Dès les premiers kilomètres, je pris conscience que la tenue de route de mon véhicule tenait plus du camion que d’une voiture, et qu’il allait falloir redoubler de prudence en raison du poids et de la hauteur de l’engin. En terme de poids, le 4×4 était rempli à ras bord (une grande caisse pleine d’outils, d’accessoires automobiles et de pièces de rechanges, une autre renfermant tous les ustensiles de cuisine pour survivre en plein air et une bonne cargaison de nourriture pour les jours à venir dans les montagnes du Lesotho, une dernière caisse emplie de tout le nécessaire pour dormir dans la tente arrimée sur le toit du véhicule, c’est-à-dire duvets, draps, oreillers, serviettes, nécessaire de toilette, trousse à pharmacie et toutes les bricoles qui trainaient et qu’il fallait bien ranger quelque part. Enfin, le reste de l’espace était occupé par une glacière réfrigérée pour stocker la nourriture du jour ou les plats que j’achèterai sur le parcours, ainsi que mon sac de voyage contenant tous mes vêtements). Quant à la hauteur de ma nouvelle roulotte, si elle en imposait à première vue, elle élevait considérablement le centre de gravité, notamment avec la galerie surélevée, supportant la tente et quatre jerricans solidement amarrés et gorgés d’essence, si bien que ses deux mètres de hauteur naturelle étaient désormais passés à deux mètres quatre-vingts, m’interdisant par exemple d’entrée dans la plupart des parkings de ville ou de centres commerciaux. On a les servitudes qu’on mérite et il faut donc s’y adapter…

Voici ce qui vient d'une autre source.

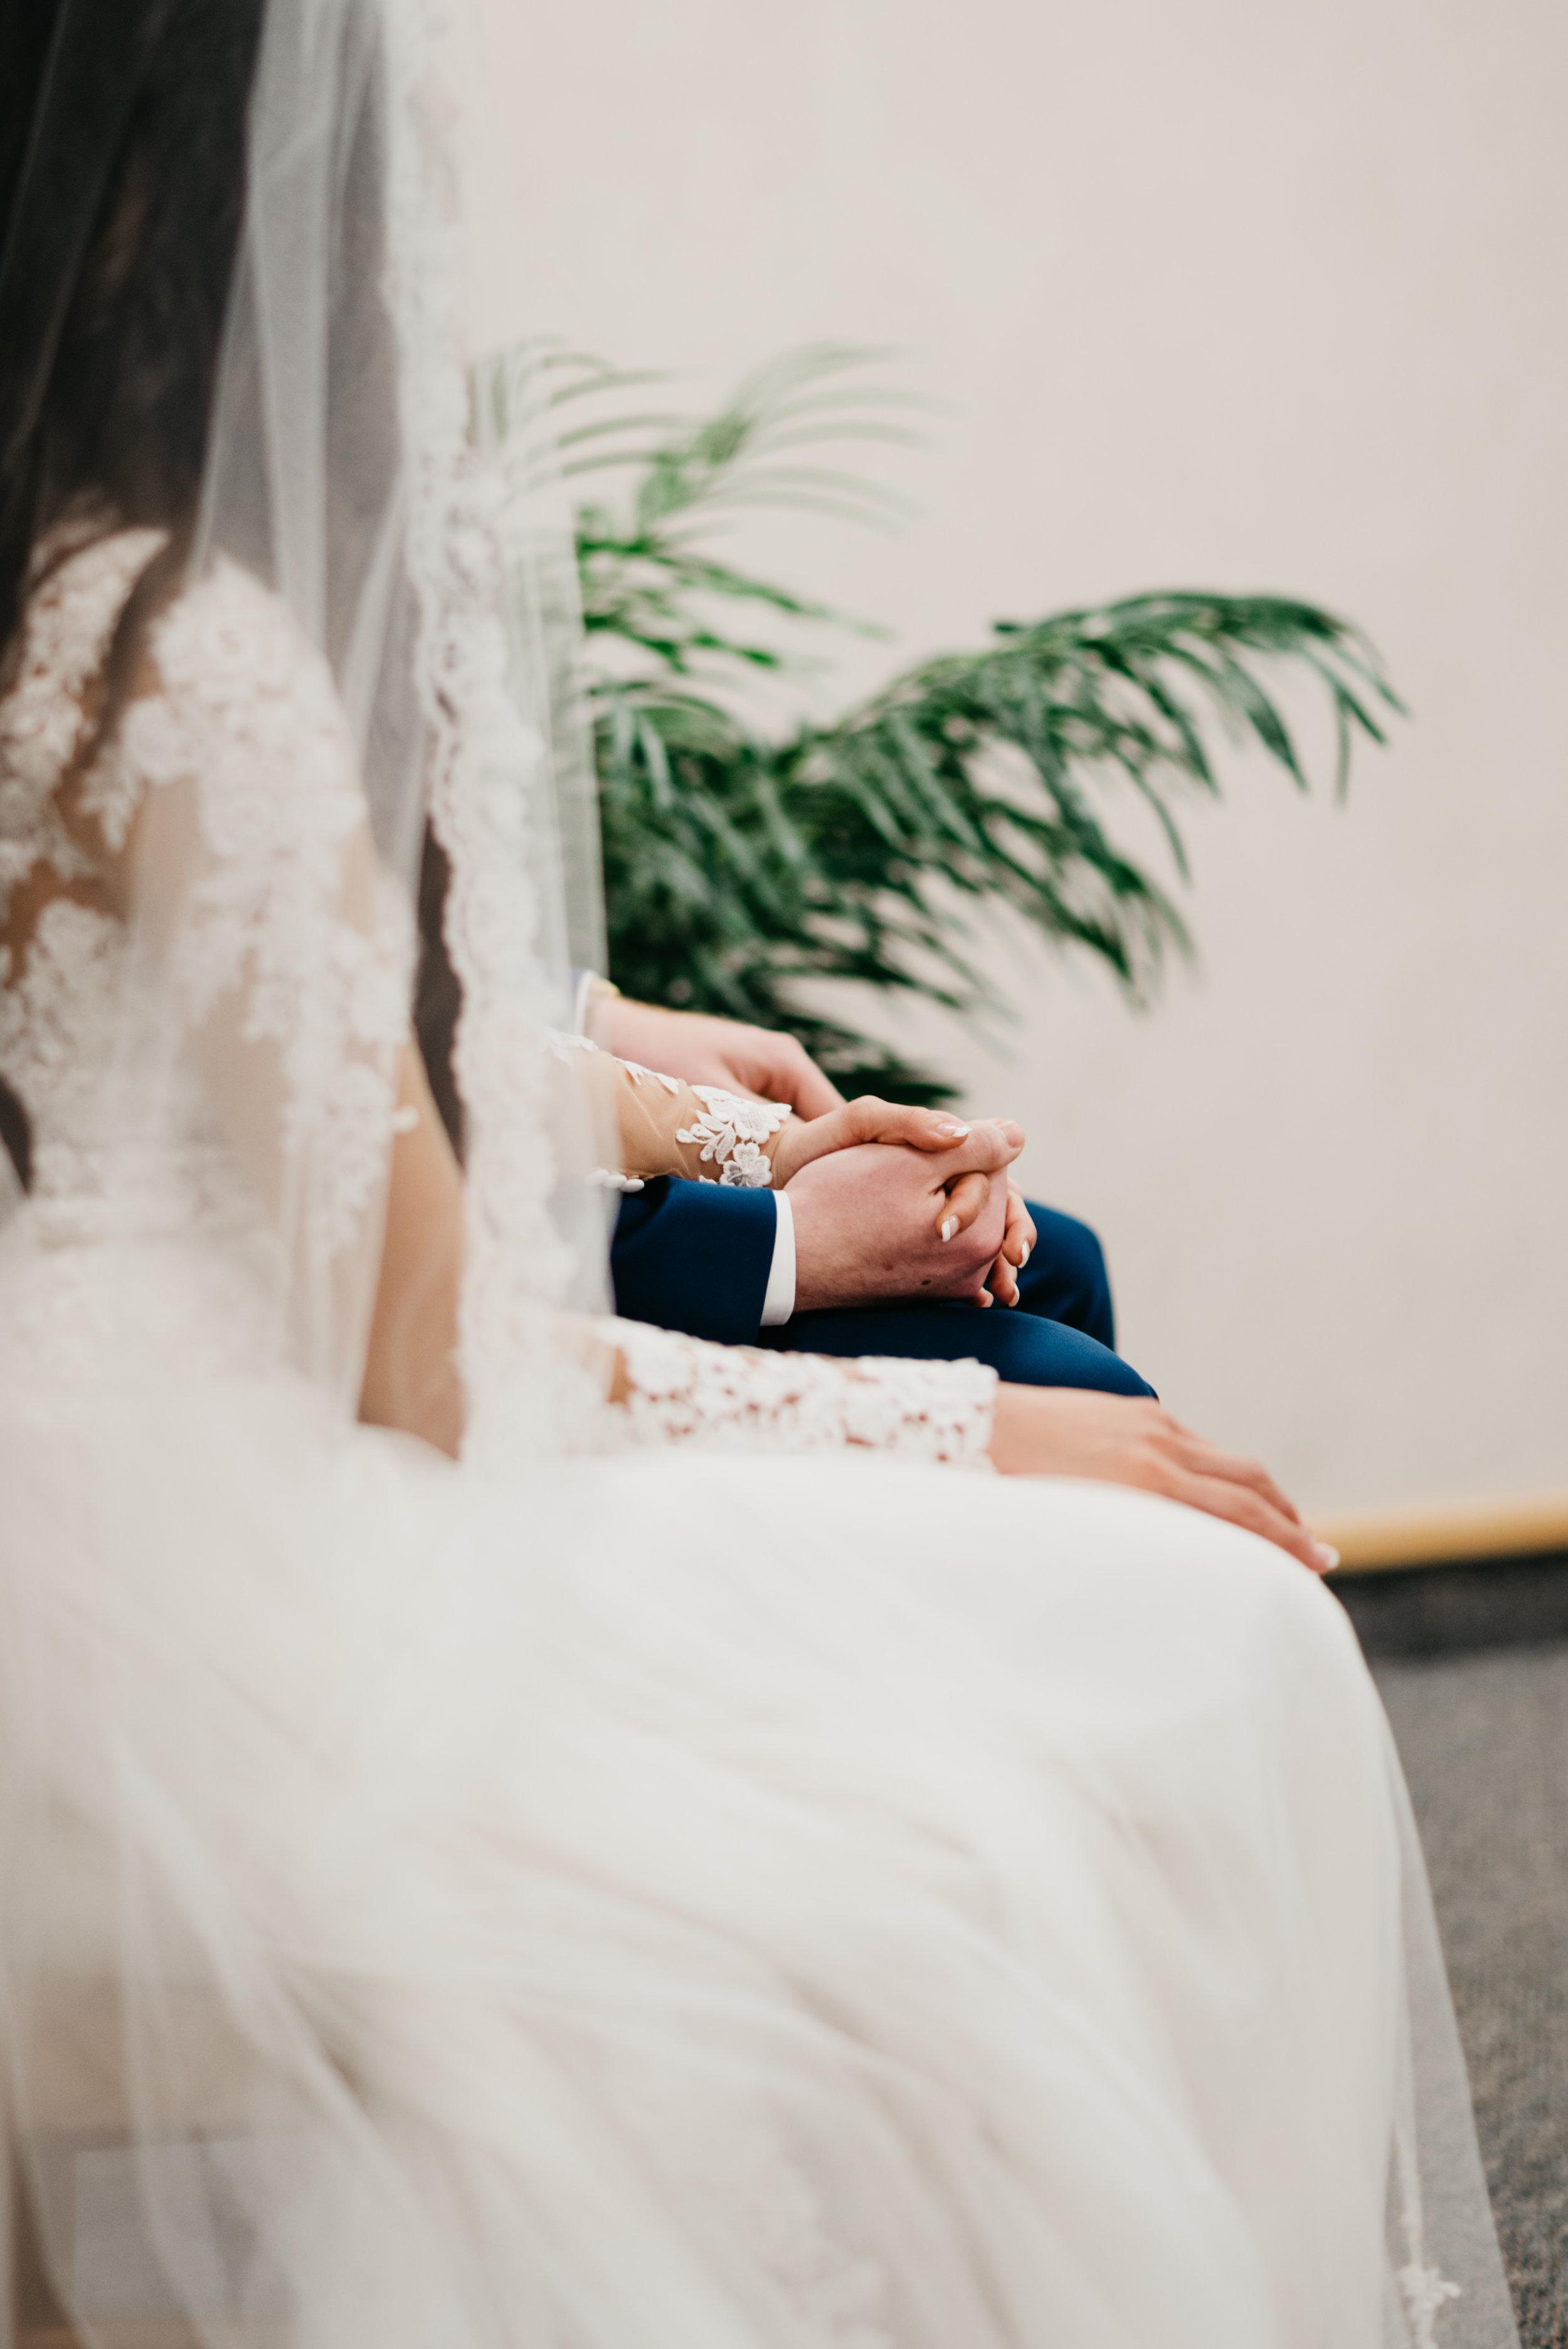 Barch-Massachusetts-Lakeside Tent Wedding-Western Massachusetts Wedding Photographer-01070.jpg

J’abandonnais donc derrière moi cette ville étonnante et malfamée. Cette cité où toutes les habitations sont entourées de hauts murs, de barbelés électrifiés pour assurer la sécurité relative des résidents, quand ceux-ci ne trouvent pas directement refuge dans des résidences, les Estates, hautement sécurisées, où l’accès ultra-contrôlé ne peut se faire que par une seule entrée, après avoir montré patte blanche à un poste de contrôle plus que tatillon (code d’accès fourni par les résidents au préalable, ce qui tue toute envie de visite inopinée ou de surprise, permis de conduire à fournir, scan de la vignette apposée sur le pare-brise du véhicule.) C’est Fort Knox pour pénétrer dans ces résidences sous bonne garde, où patrouillent jour et nuit des vigiles dont l’amabilité n’est visiblement pas la qualité première. Et c’est un peu Alcatraz pour en sortir car mieux vaut ne pas avoir égaré le numéro du code d’accès avec lequel on est entré, sinon on s’expose à d’interminables explications avec les gardiens dont l’autre défaut congénital – à croire que c’est critère de recrutement – est le manque d’empathie ou de toute mansuétude à l’égard de l’étourdi !

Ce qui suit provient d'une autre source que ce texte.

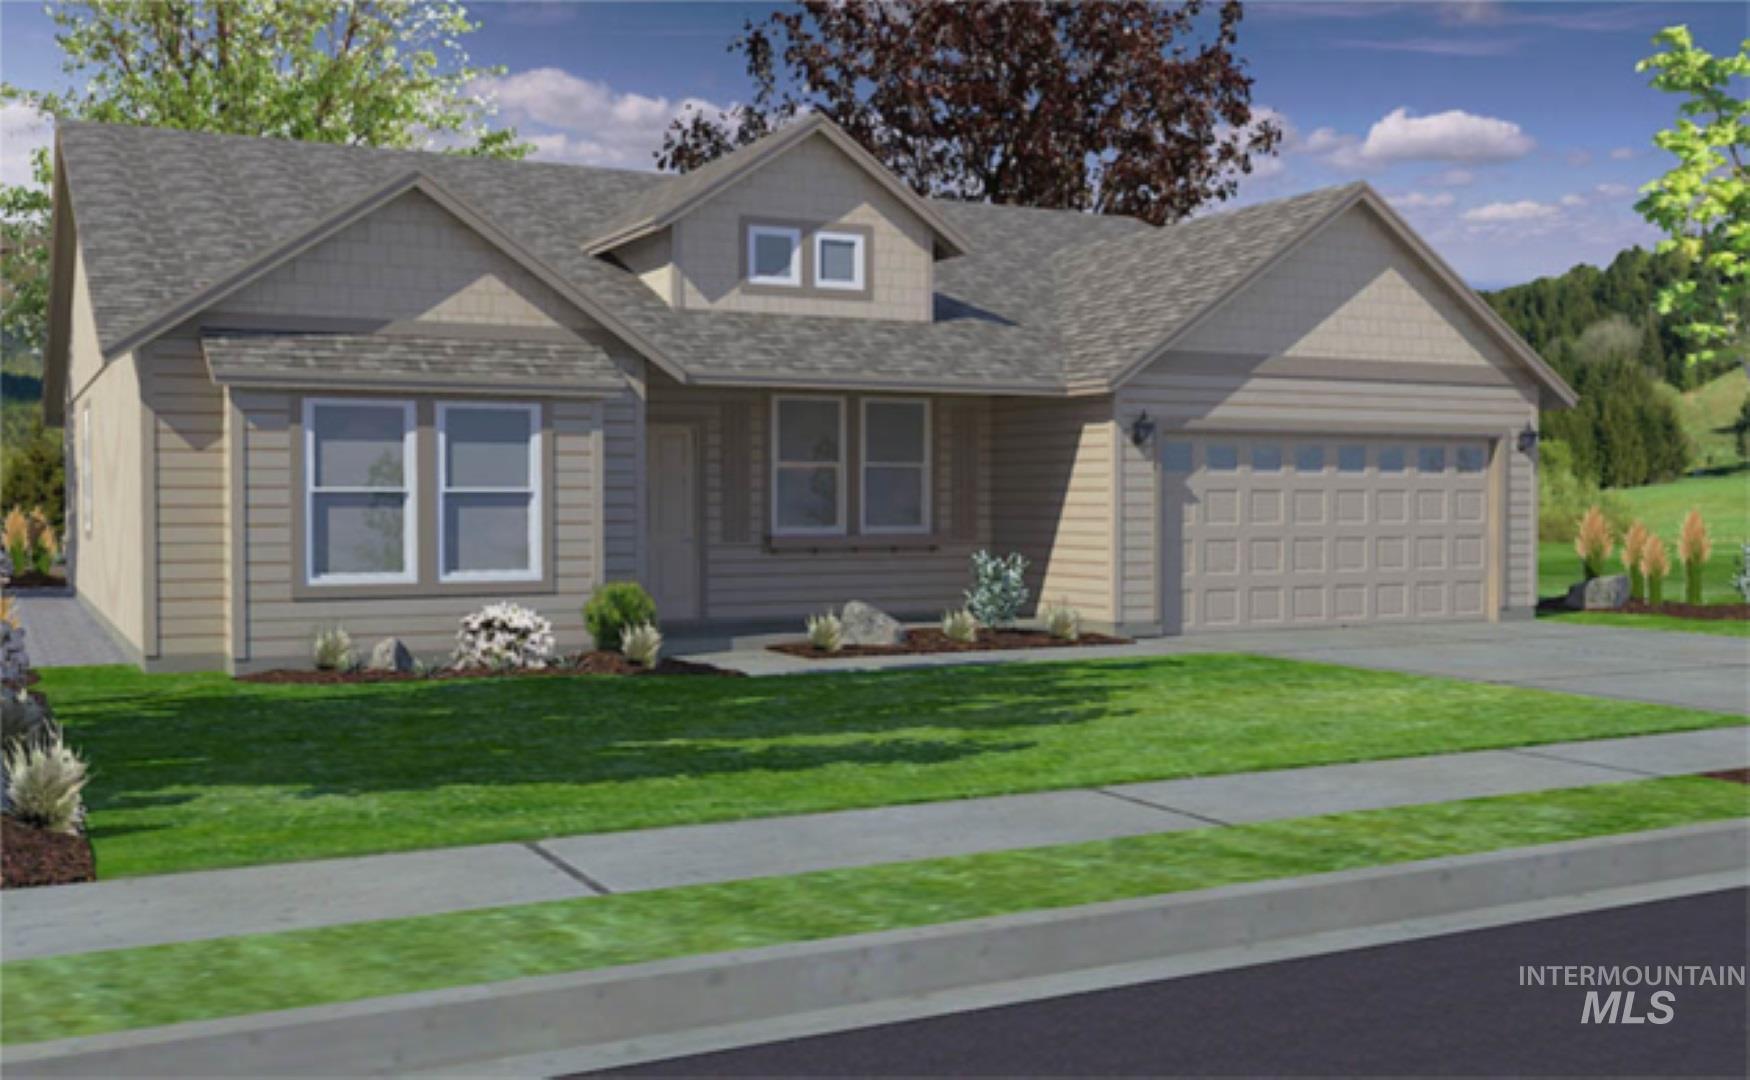 Lot 6 Blk 1 Mitera Subdivison Property Photo - Boise, ID real estate listing

« Montrer patte blanche » est une expression particulièrement malheureuse dans ce pays encore empreint d’un racisme palpable et où le communautarisme est la règle. Ici les couples mixtes sont extrêmement rares et on ne se mélange apparemment guère entre communautés ou milieu social).

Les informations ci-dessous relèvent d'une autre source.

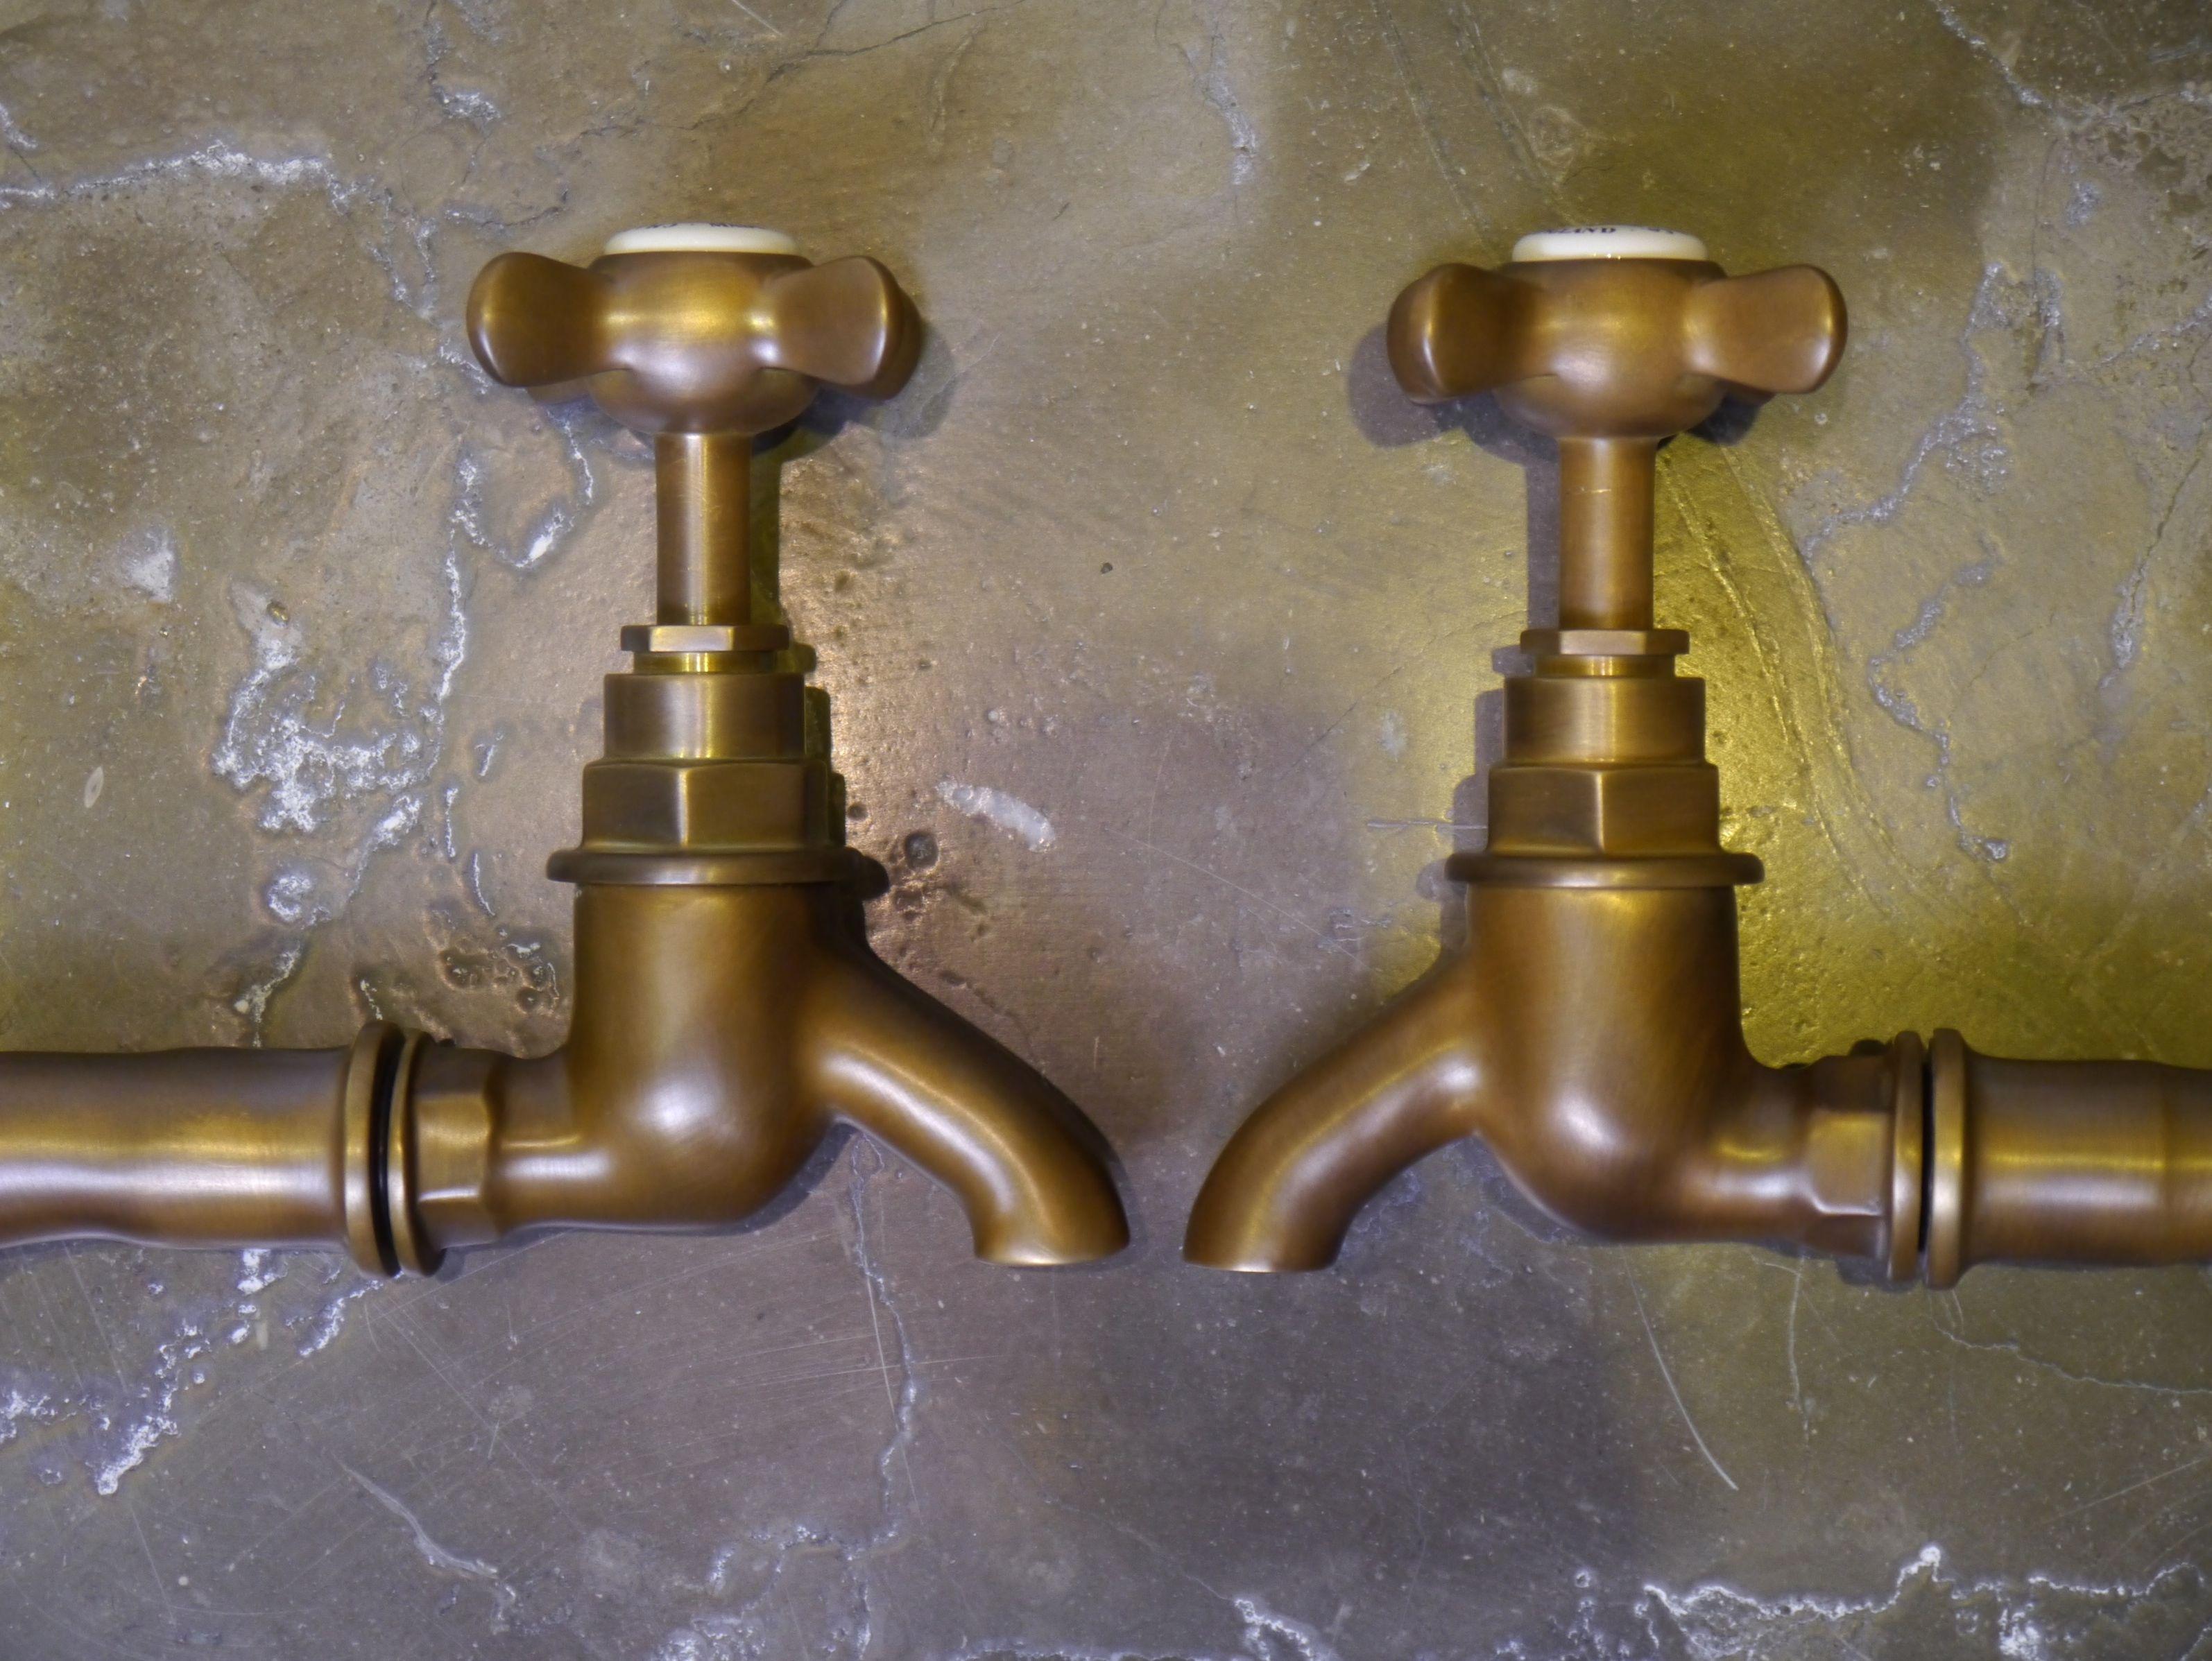 weathered brass brushed brass antique brass bib taps chadder amp cos bib taps: perrin rowe lifestyle

J’abandonnais ainsi cette ville protéiforme où l’immobilier est prospère malgré les ravages de la crise économique, où les lointaines banlieues sont déjà préemptées, loties et n’attendent plus que le feu vert de promoteurs affairés et où les résidences sécurisées poussent partout comme des champignons. Le rêve d’accession à la propriété semble une des caractéristiques de ce bout d’Afrique florissant, pour une classe moyenne bien réelle, proposant aux futurs propriétaires un peu moins de liberté mais une vie de confort assurée, une sécurité garantie et quelques espaces verts au cœur de la résidence pour faire oublier que tout le monde bénéficie du même appartement cage-à-poule devant lequel chacun pourra parquer une rutilante voiture de luxe, achetée à coup de crédit à taux plein. Il faut bien reconnaître que le parc automobile n’a rien à envier à ce que nous connaissons en Europe. La proportion de voitures haut de gamme, inutilement surpuissantes pour des voies express limitées à 120 km/h, ostensiblement énergivores et à contretemps des tendances écologiques actuelles est impressionnante. L’Afrique du Sud est le pays le plus riche du continent et à toutes les apparences d’un pays développé (Les malls et centre commerciaux, temples modernes de l’hyper-consommation y sont surnuméraires et semblent accaparer l’essentiel de la vie des gens), mais un pays développé dans lequel une grande partie de sa population n’est pas invitée au banquet de la croissance et vit dans une pauvreté sans nom. 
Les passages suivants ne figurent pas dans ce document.